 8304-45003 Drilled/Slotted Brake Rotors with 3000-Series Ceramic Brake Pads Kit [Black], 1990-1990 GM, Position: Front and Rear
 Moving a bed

...

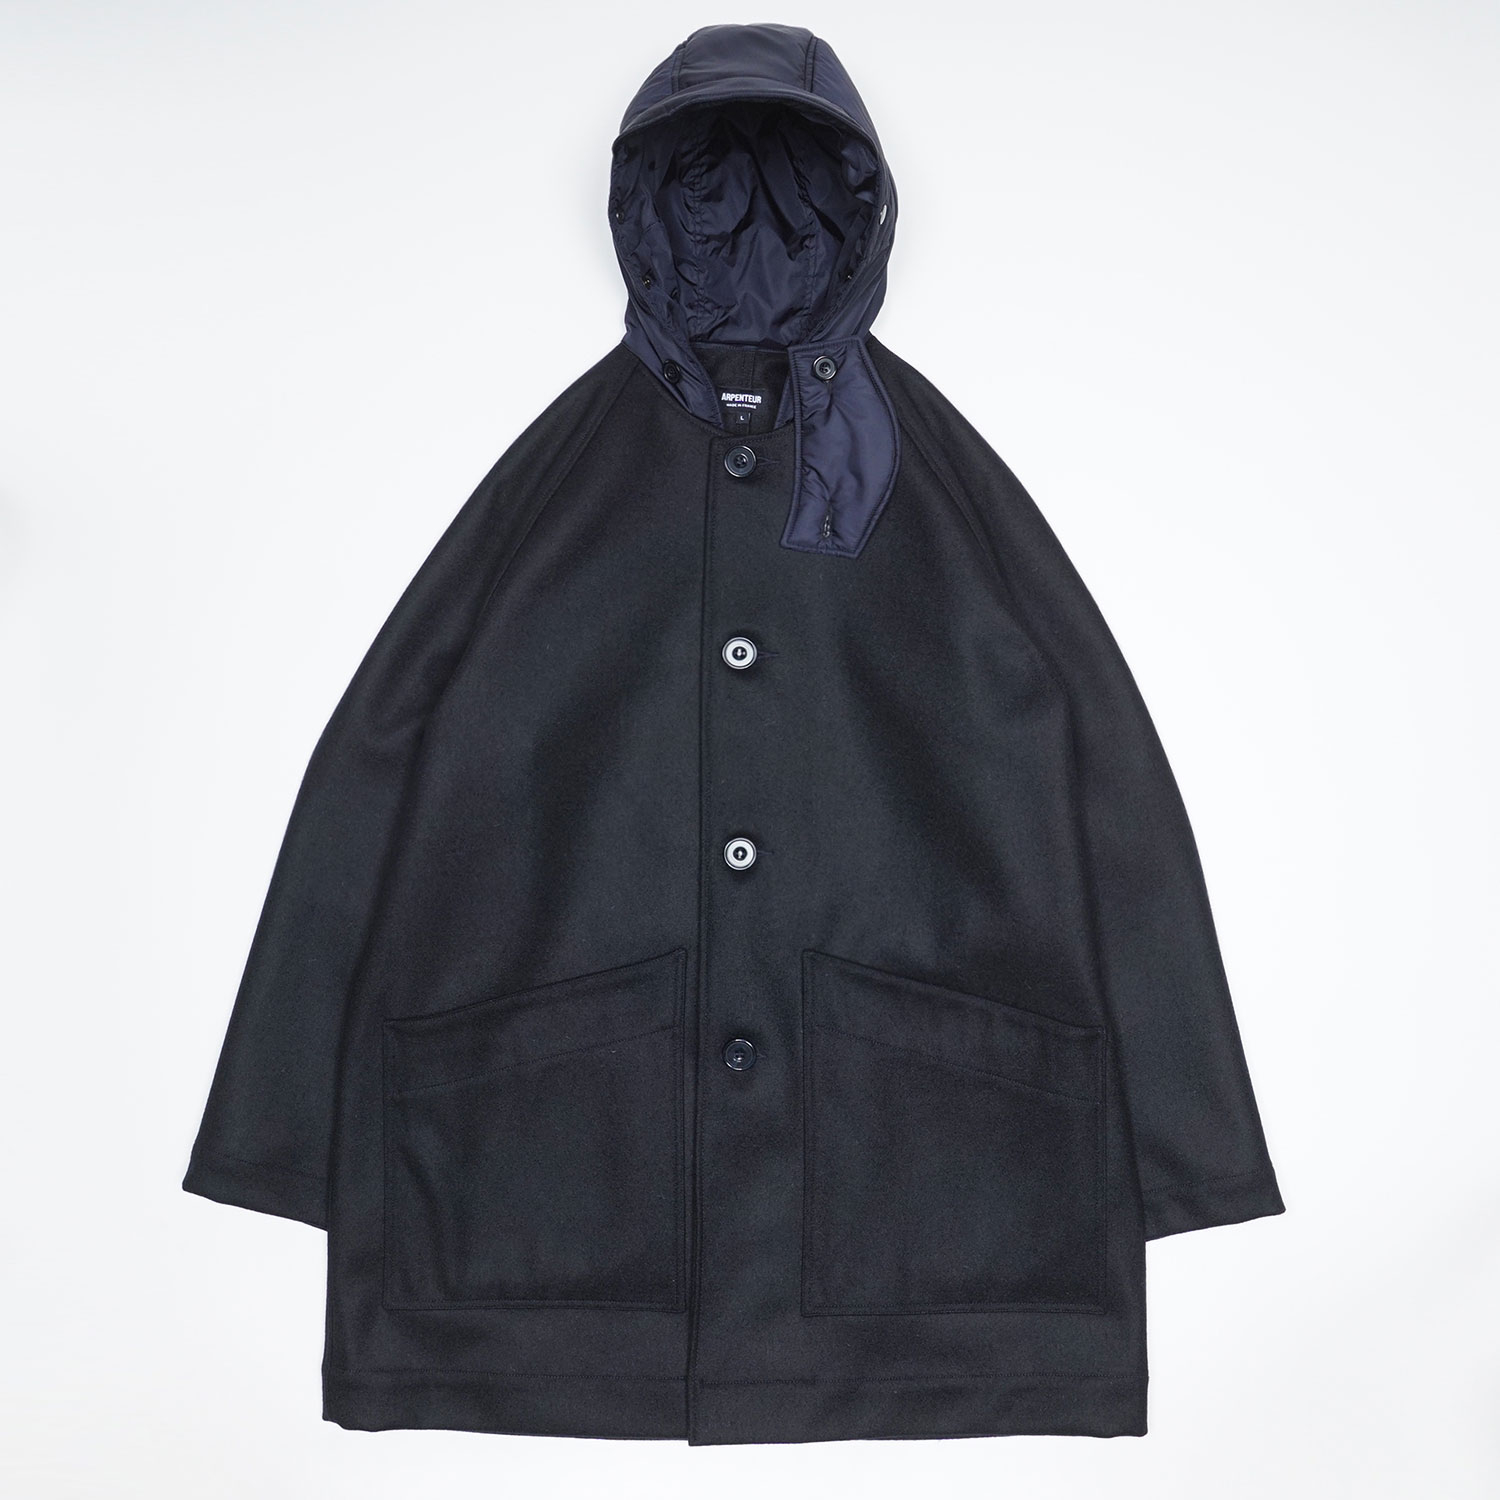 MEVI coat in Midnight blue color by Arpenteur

* * *

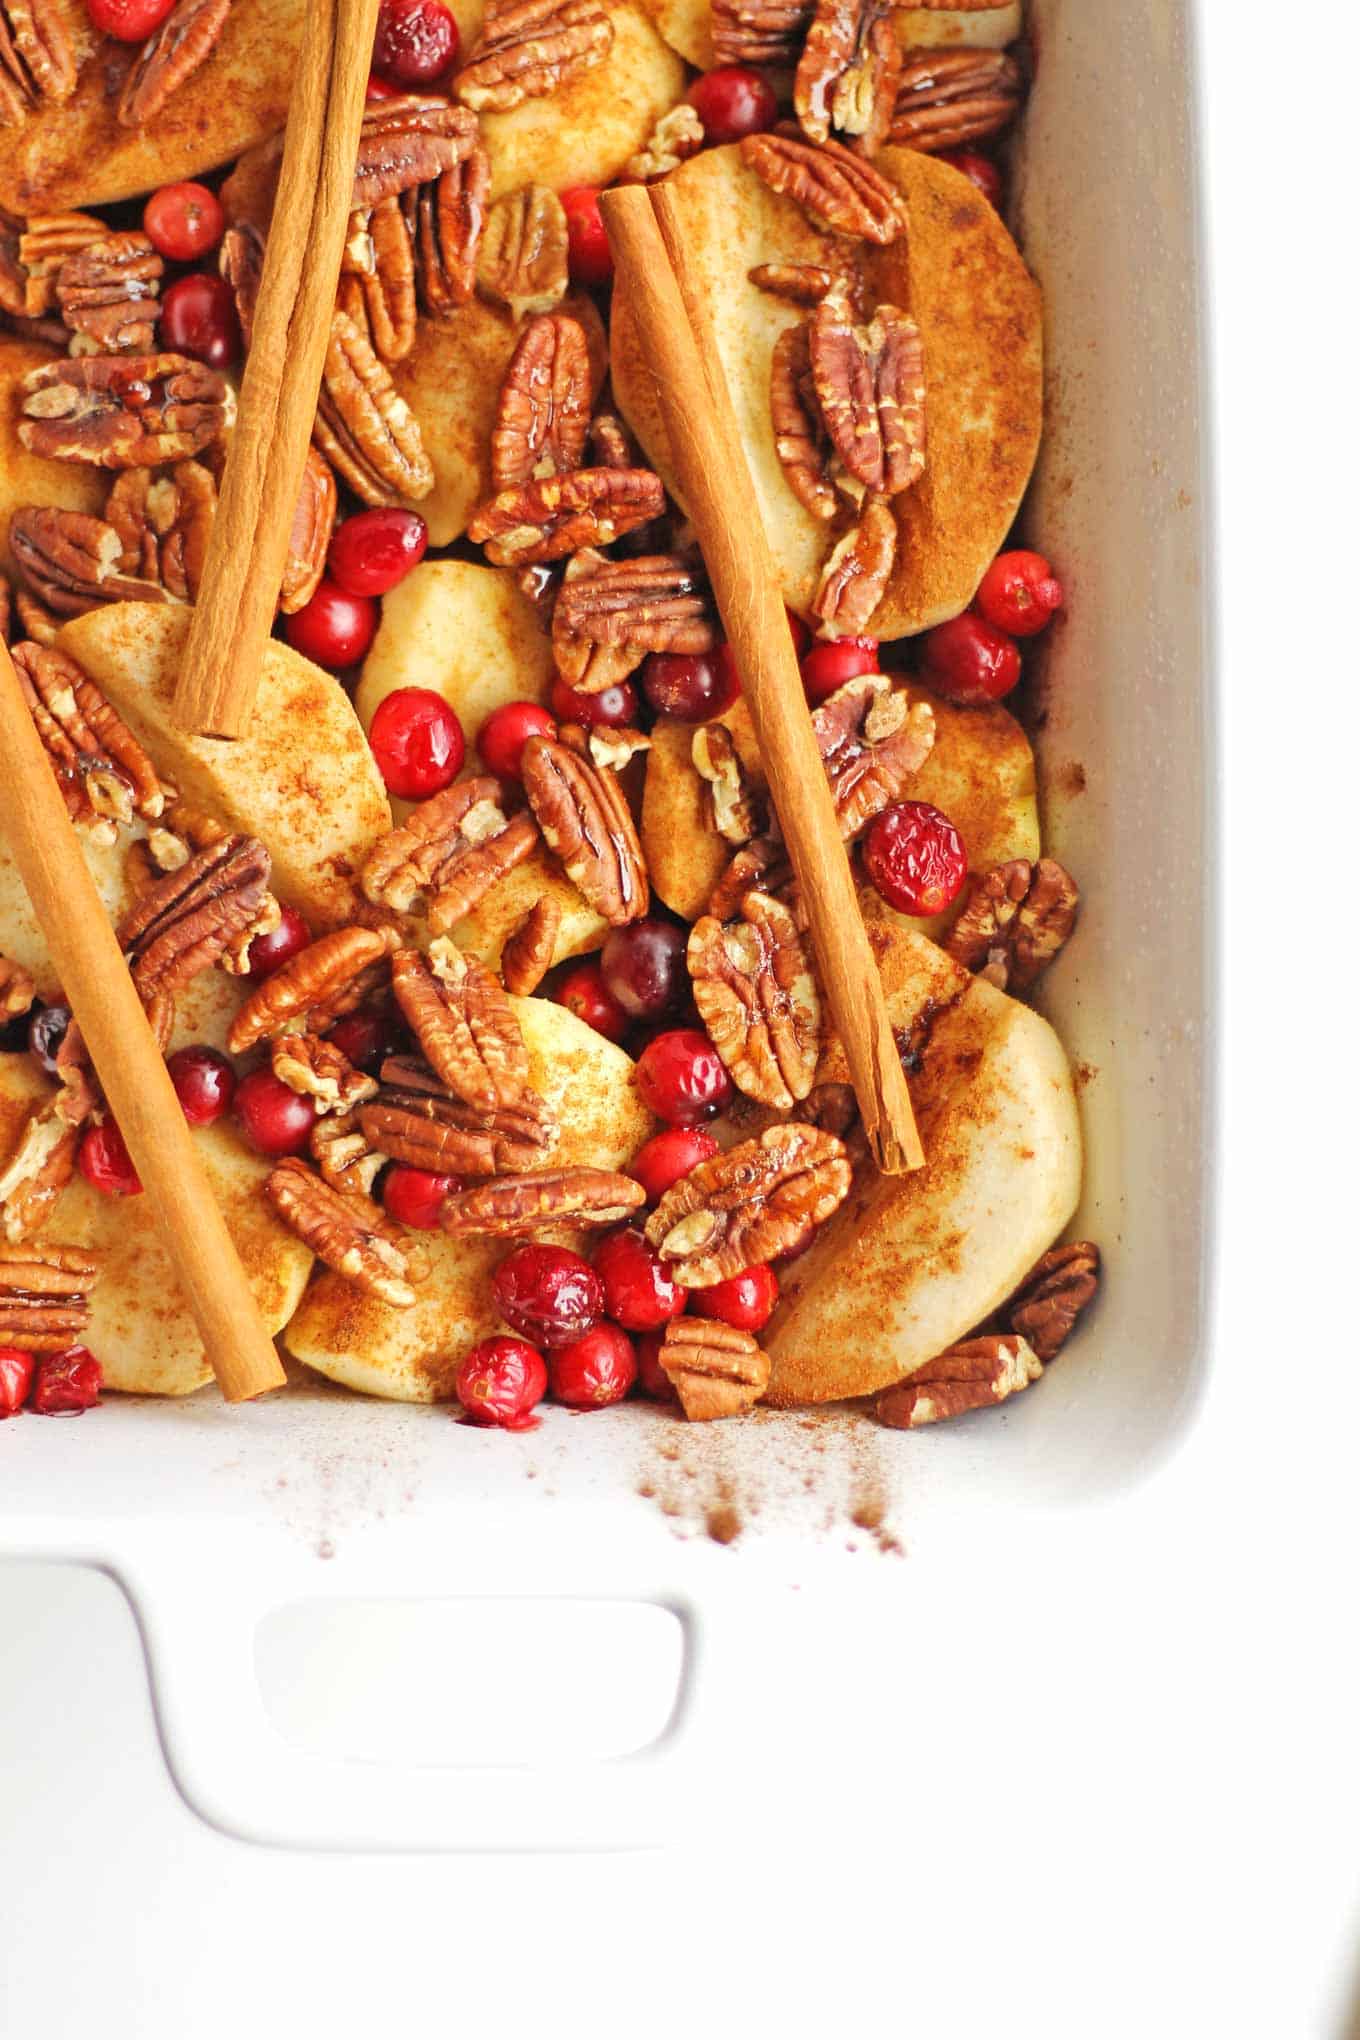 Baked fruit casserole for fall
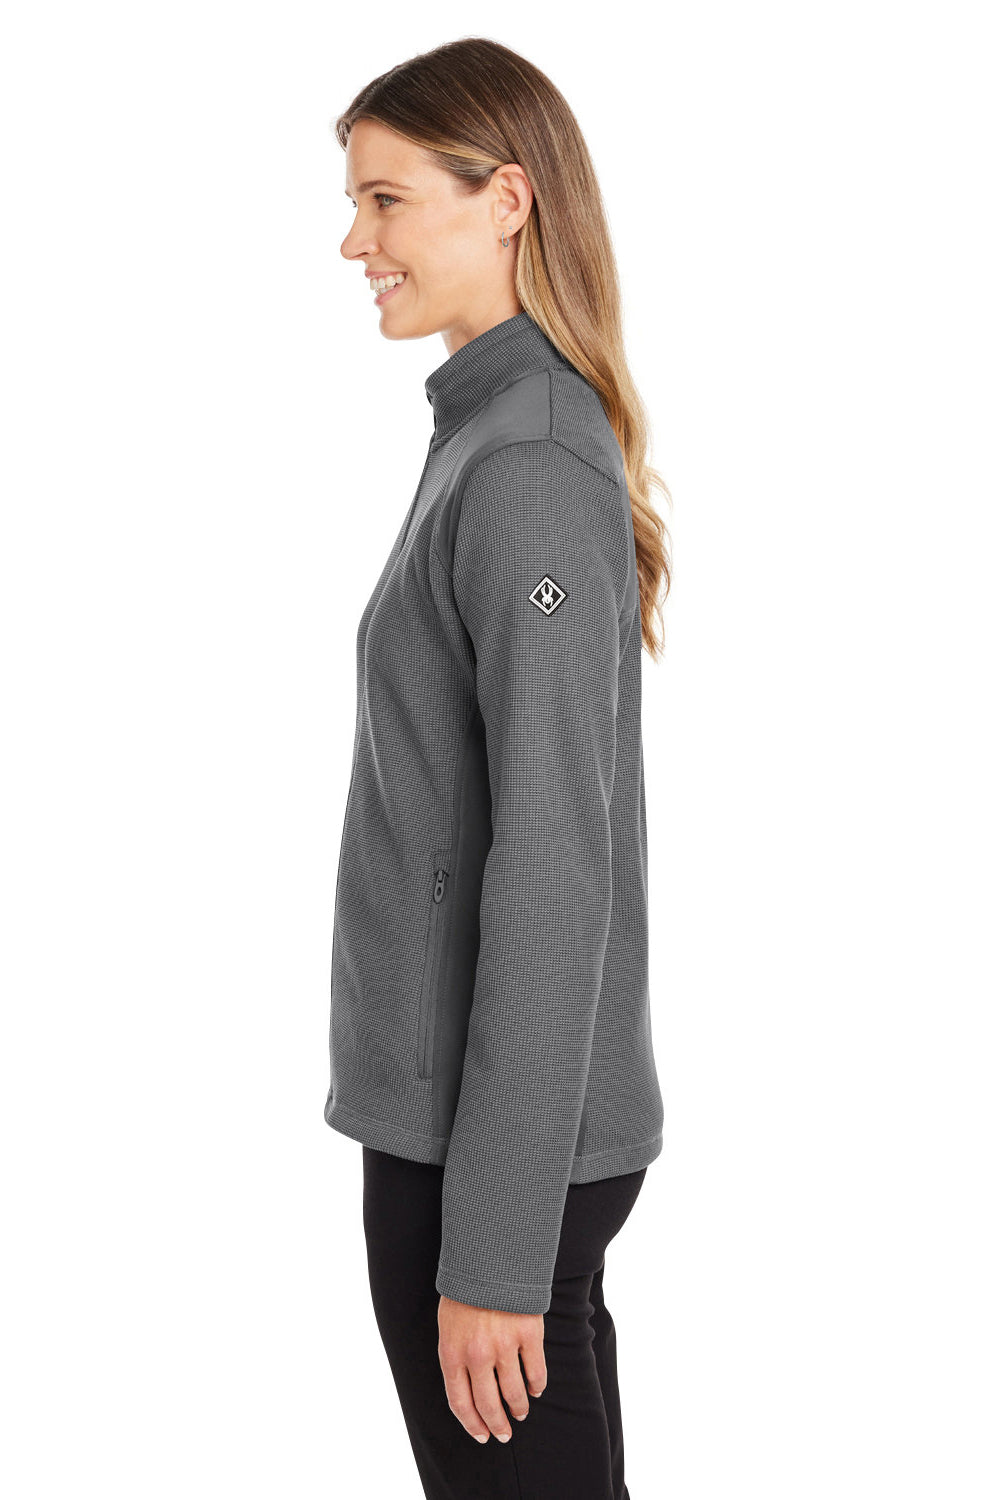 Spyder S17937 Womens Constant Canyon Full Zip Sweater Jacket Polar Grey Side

> _Exercise_:
From the records above, repeat exactly the lines from the one with "8304-45003 Drilled/Slotted Brake" through the one with "Moving a bed", both included.

> _Answer to this problem_:
 8304-45003 Drilled/Slotted Brake Rotors with 3000-Series Ceramic Brake Pads Kit [Black], 1990-1990 GM, Position: Front and Rear
 Moving a bed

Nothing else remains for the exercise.